Tommy Oliver is an American film producer, director, writer, cinematographer, photographer, financier, and entrepreneur. He directed, produced, shot, and edited AFI Film Festival audience award winnerJuice Wrld: Into The Abyss (2021), 40 Years a Prisoner, and 1982, and recently produced four Sundance Film Festival 2023 films including Young. Wild. Free., Fancy Dance, To Live and Die and Live (EP), and the Grand Jury Prize winner, Going to Mars: The Nikki Giovanni Project. He also producedThe Perfect Guy (2015) and Sundance Film Festival and AFI Film Festival audience award winner Kinyarwanda, and co-created and Executive Produced the documentary series Black Love. 

Oliver is also known for his photography including his 70+ photos in the Smithsonian National Museum of African American History and Culture.

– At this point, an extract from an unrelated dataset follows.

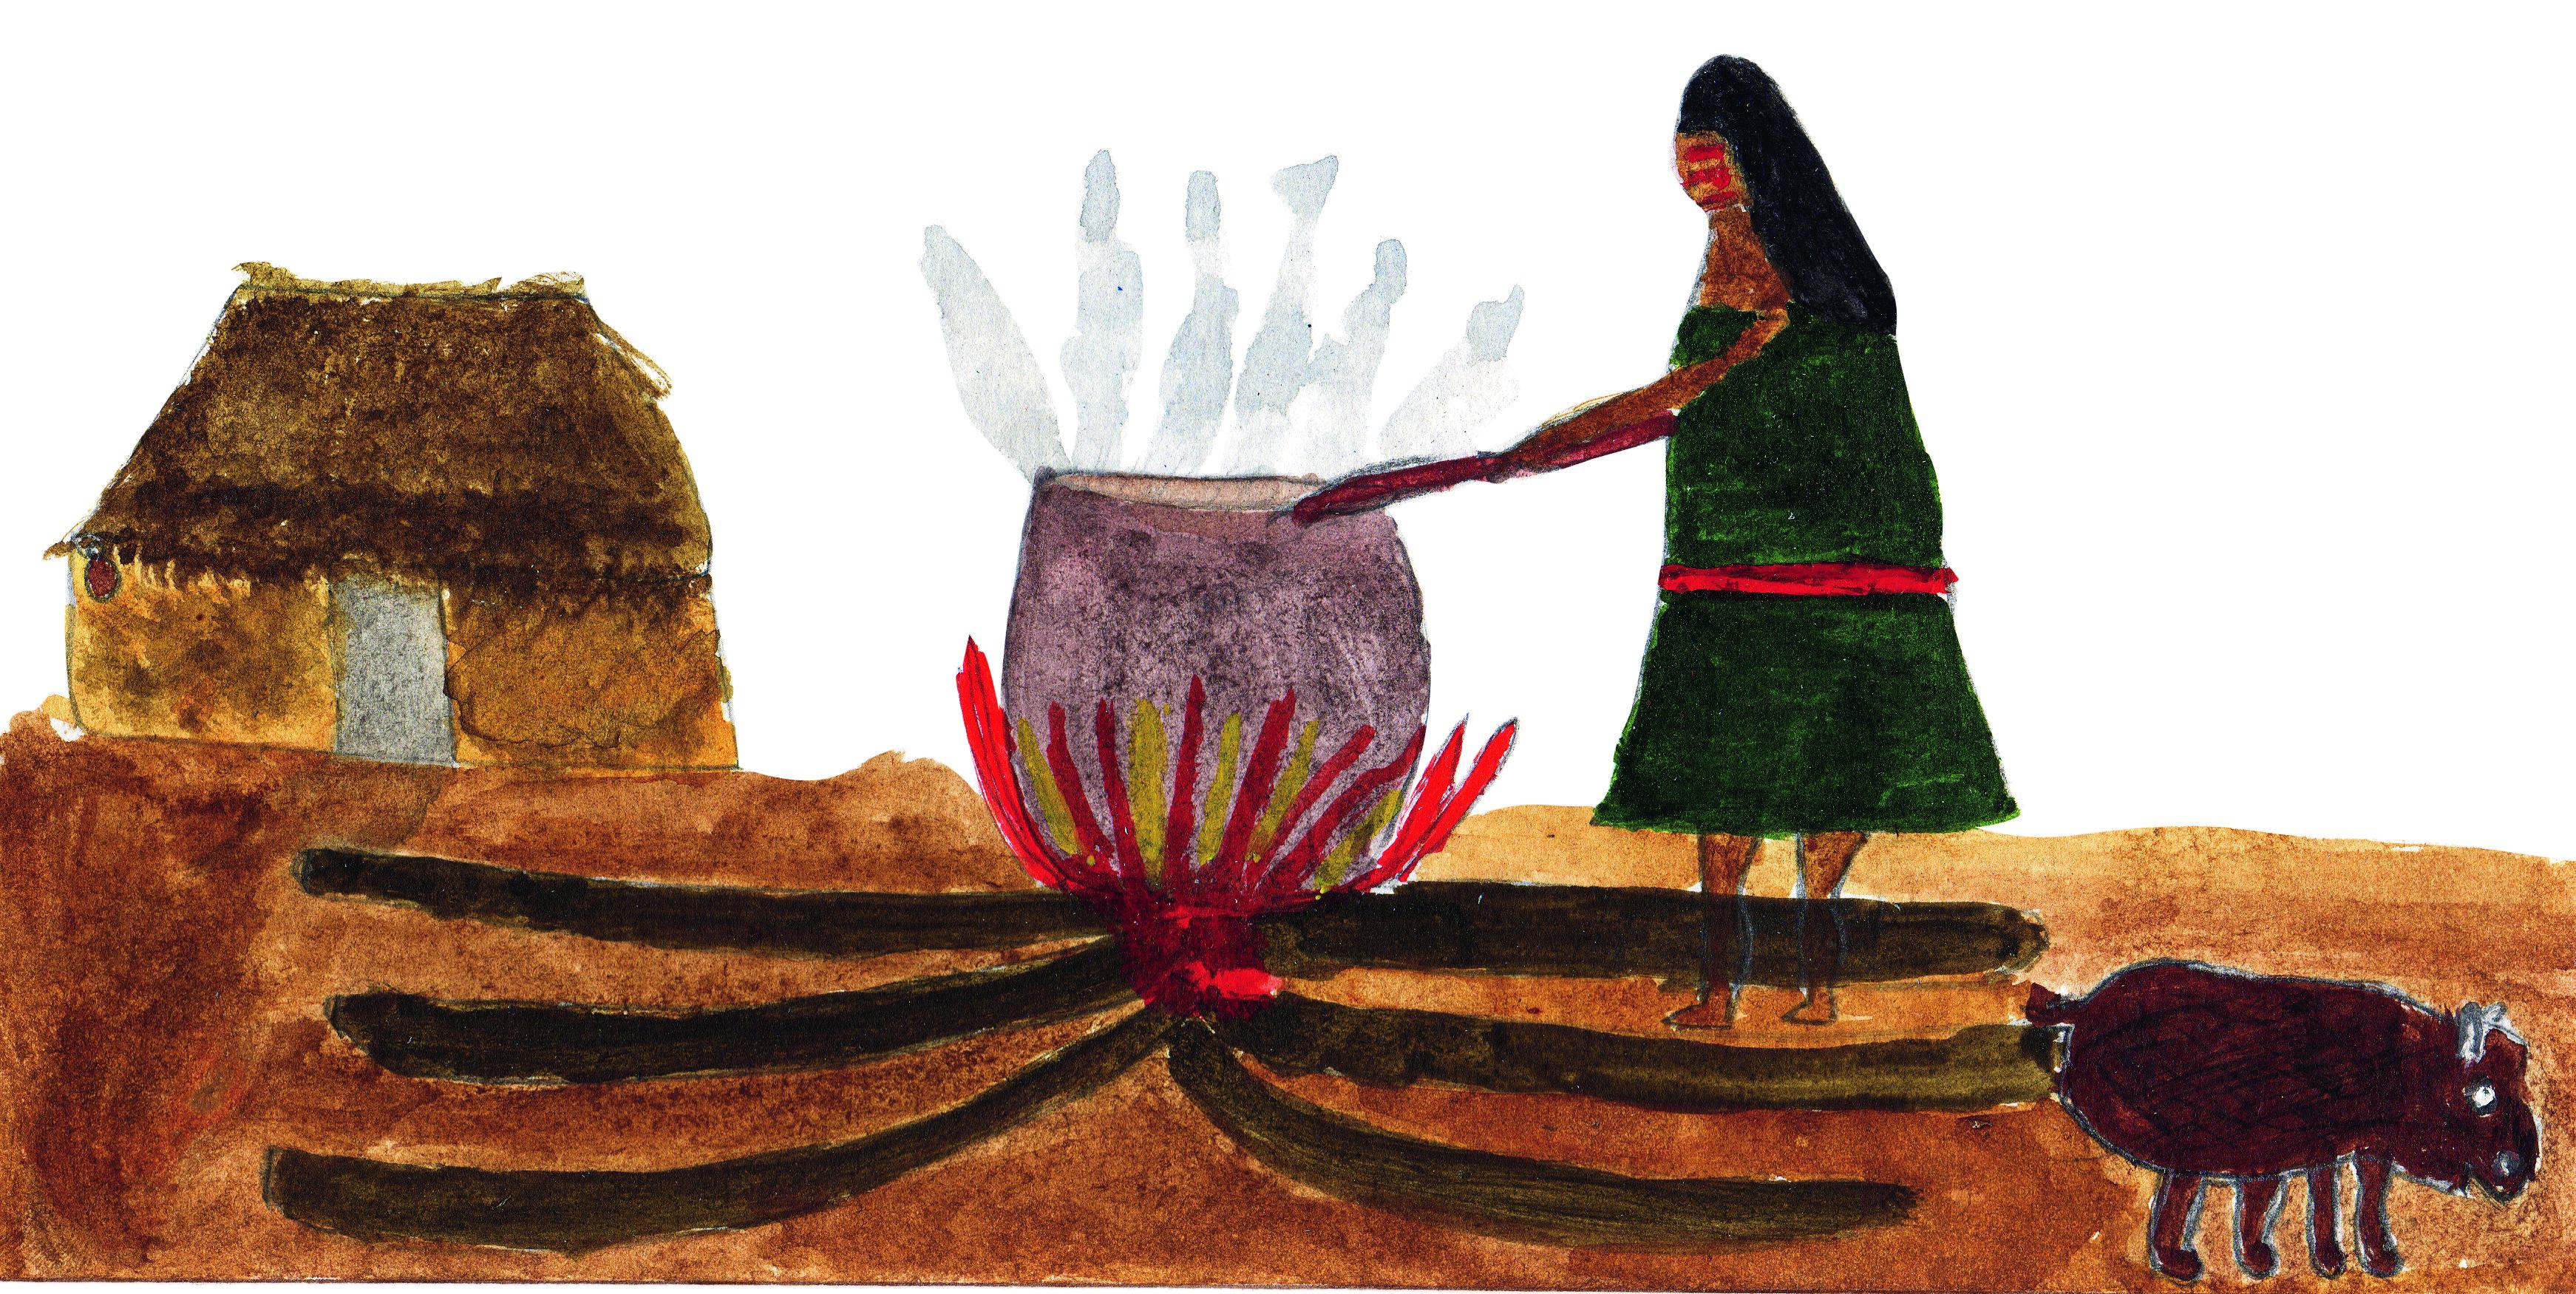 Sueli Maxakali, <i>Ũn te kuxak kuk top hemãhã</i> [Ela tira gordura da capivara], 2005. Cortesia da artista

Oliver is from Philadelphia, a Carnegie Mellon University alum, Founder and CEO of the production company Confluential Films, and Founder and Chairman of the media company Black Love, Inc. which he founded with his wife, Codie Elaine Oliver.  He is on the Board of the Philadelphia Film Society.

Select filmography
Kinyarwanda (2011; producer)
1982 (2013; writer, director, producer, and editor)
The Perfect Guy (2015; producer)
Halfway (2016; executive producer)
Destined (2016; producer)
Black Love (2017–present; creator and executive producer)
40 Years a Prisoner (2020; director, producer, cinematographer, and editor)
Juice Wrld: Into the Abyss (2021; director, producer, cinematographer, and editor)
Going to Mars: The Nikki Giovanni Project (2023; producer)
Fancy Dance (2023; producer)
To Live and Die and Live (2023; Executive Producer)
Young. Wild. Free. (2023; producer)
The Perfect Find (2023; producer)

References

External links
 

Living people
American film producers
Film producers from Pennsylvania
People from Philadelphia
Year of birth missing (living people)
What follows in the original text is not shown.